## Exercise goal
Return the listing exactly, please; no pictures.

Start of Material provided

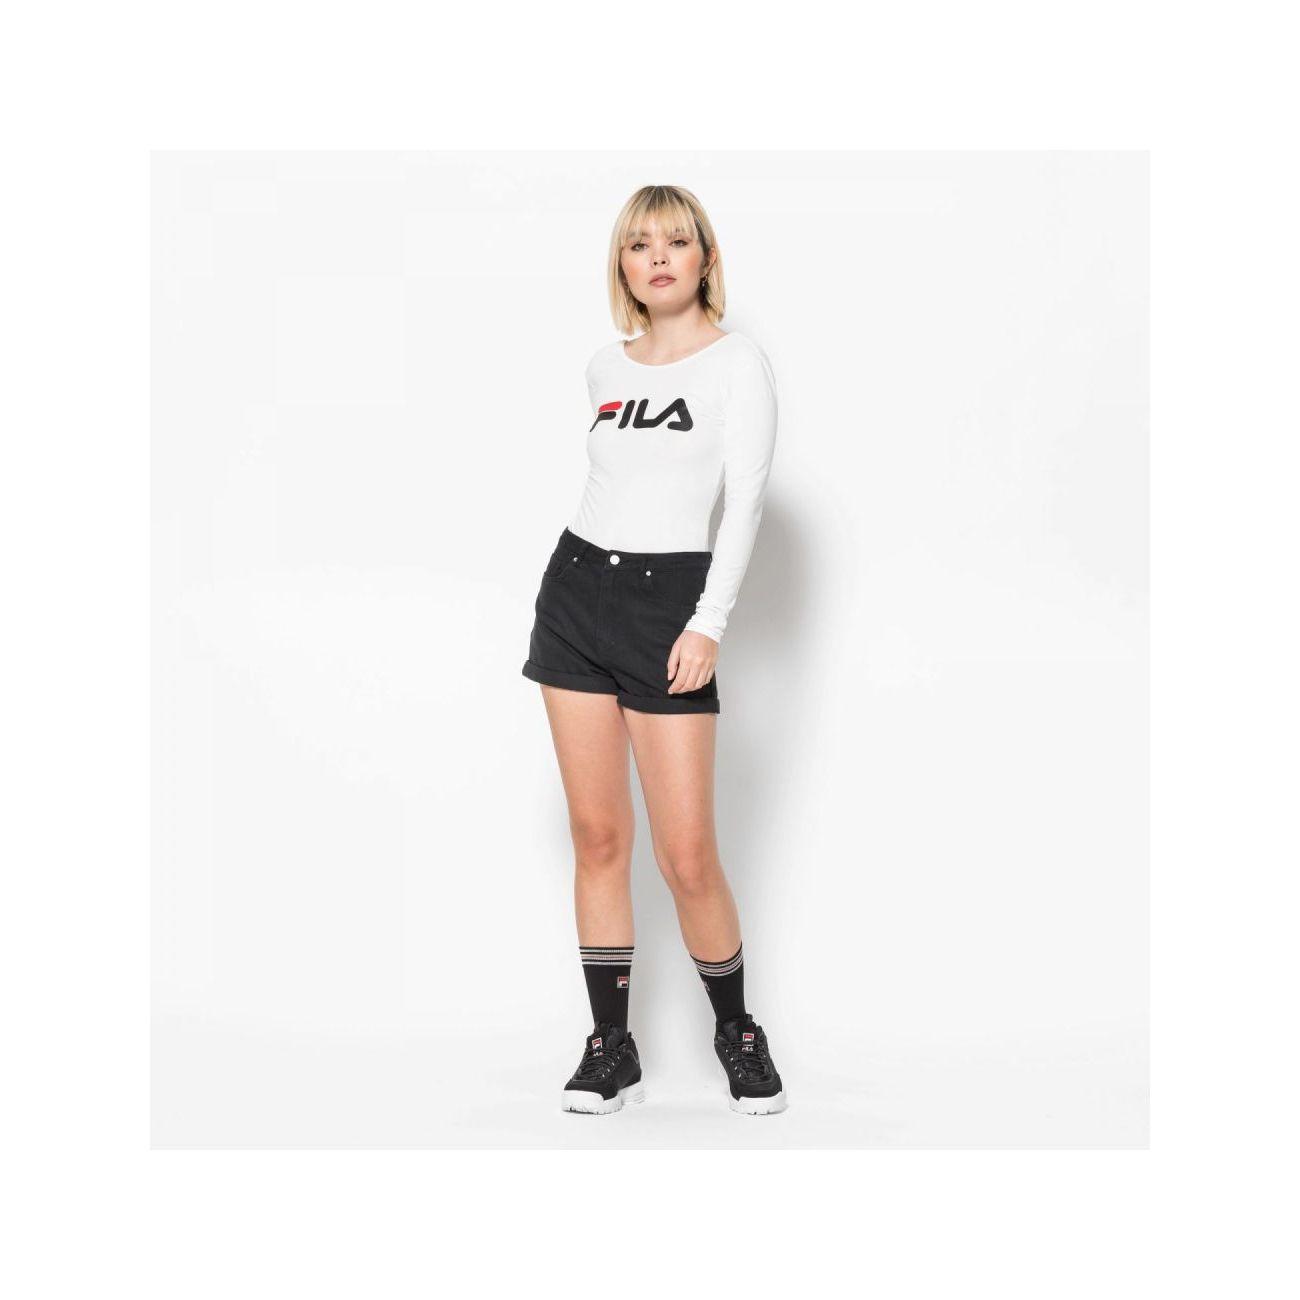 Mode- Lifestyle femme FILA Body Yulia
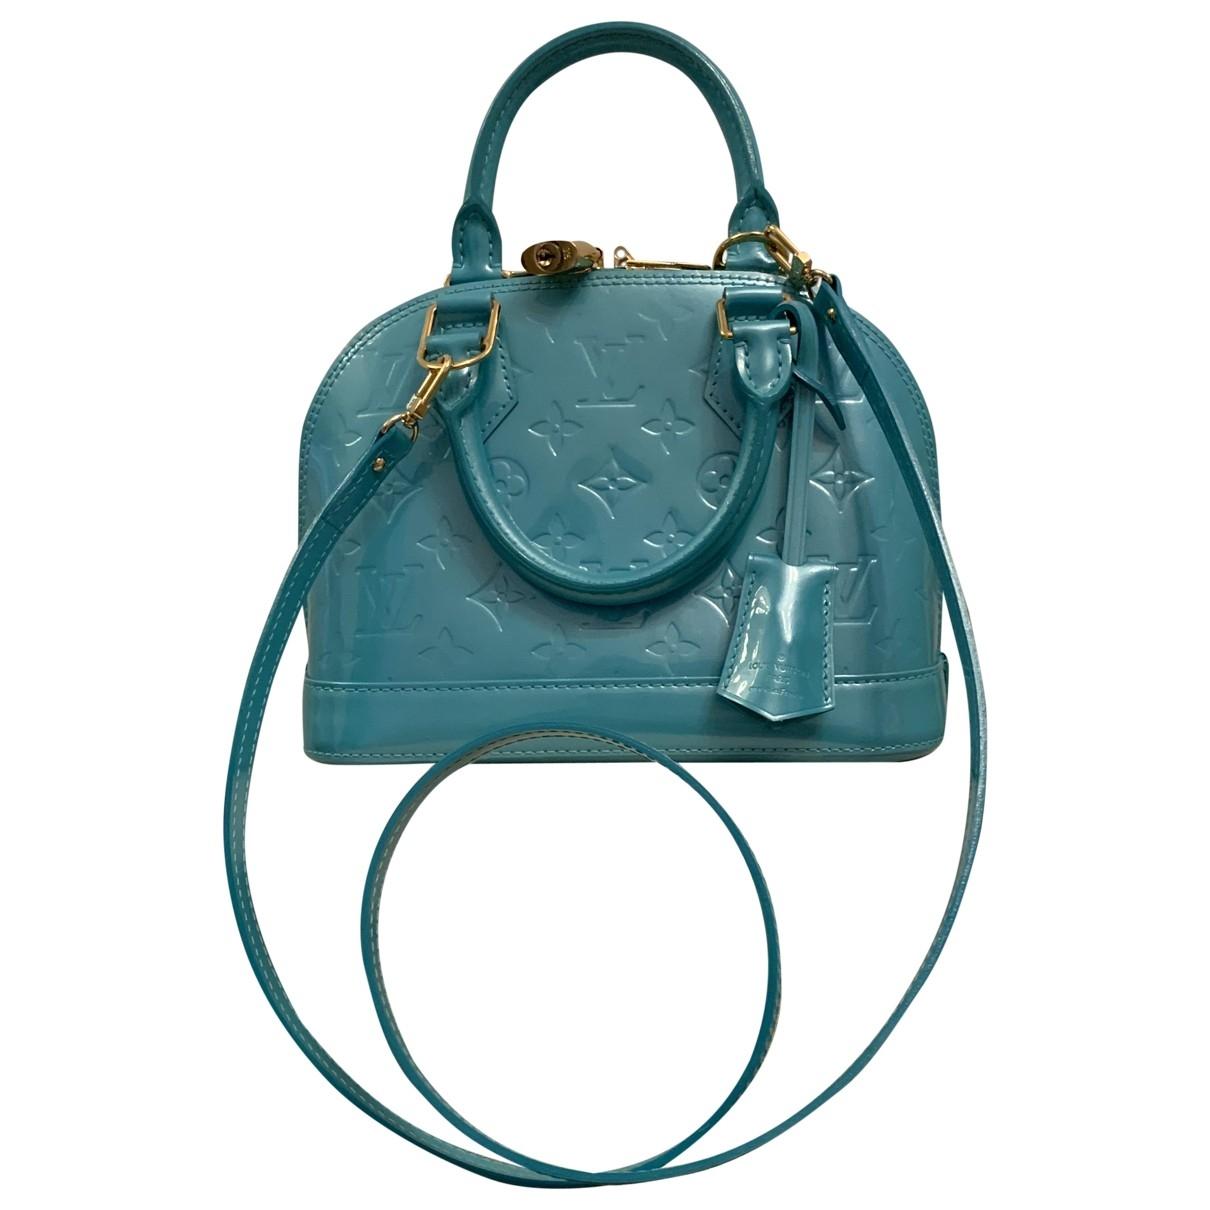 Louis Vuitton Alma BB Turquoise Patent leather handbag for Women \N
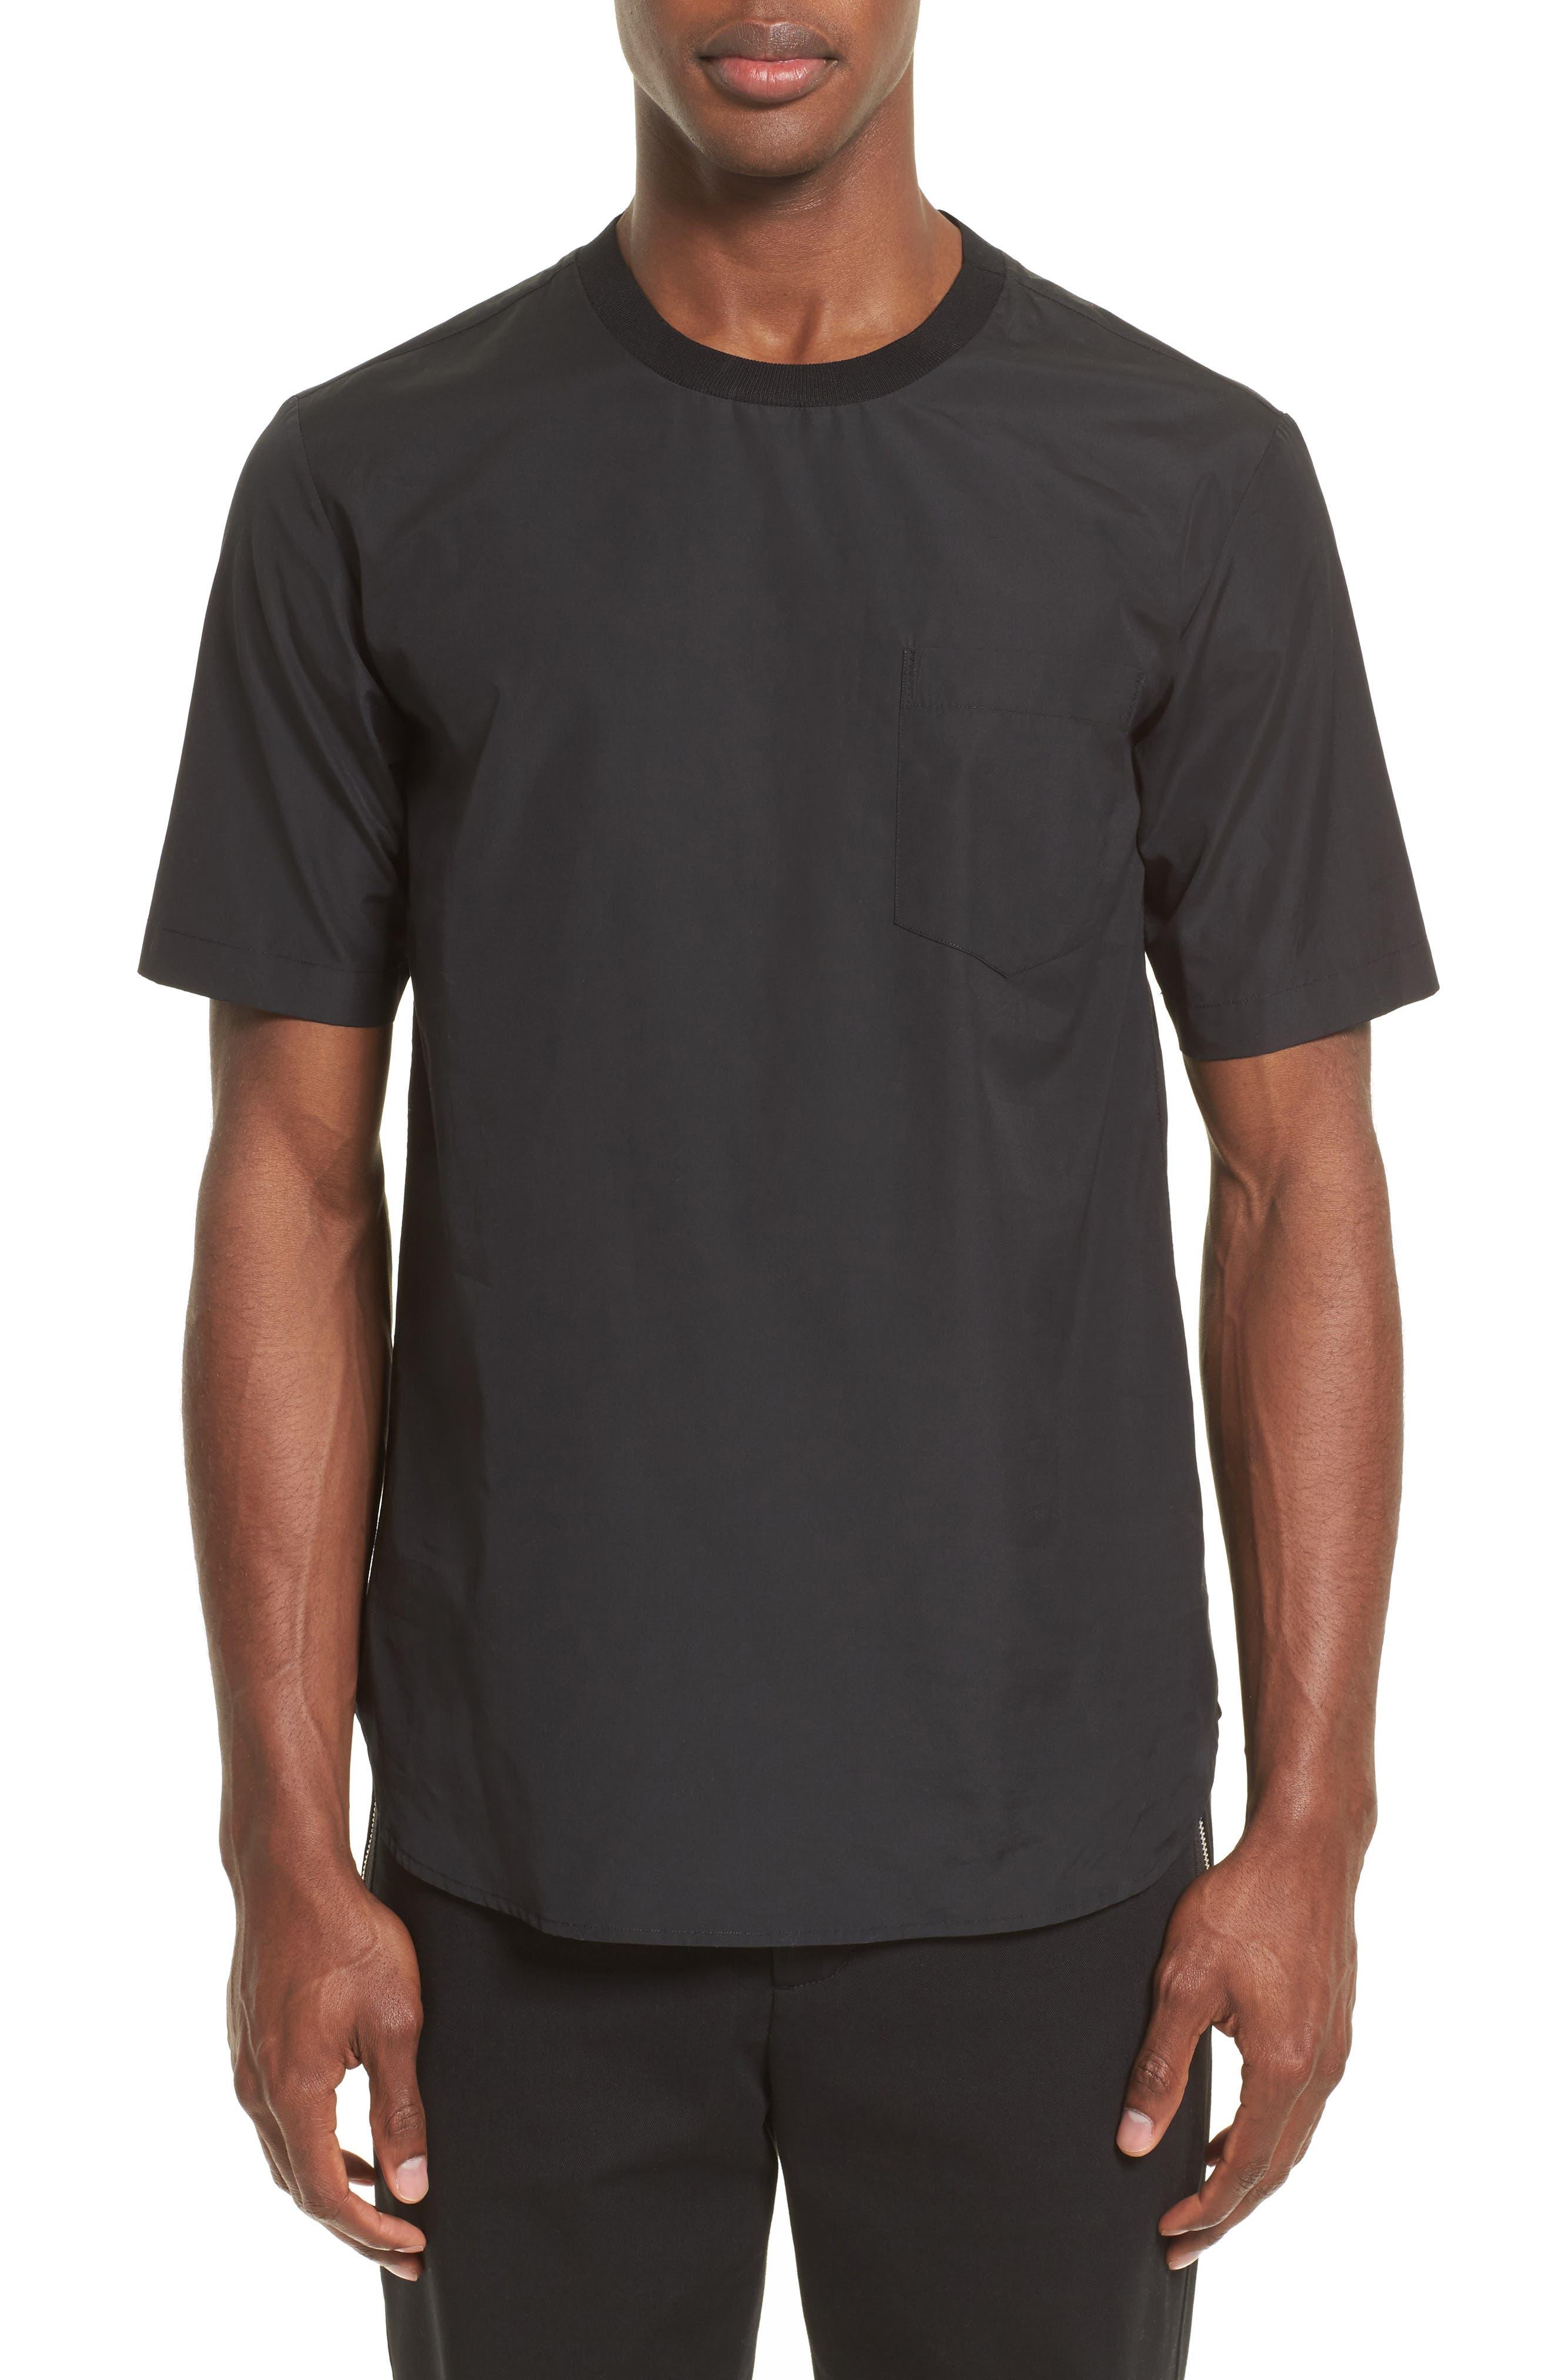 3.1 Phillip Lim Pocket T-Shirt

End of Material provided

## Finished exercise
 Mode- Lifestyle femme FILA Body Yulia
 Louis Vuitton Alma BB Turquoise Patent leather handbag for Women \N
 3.1 Phillip Lim Pocket T-Shirt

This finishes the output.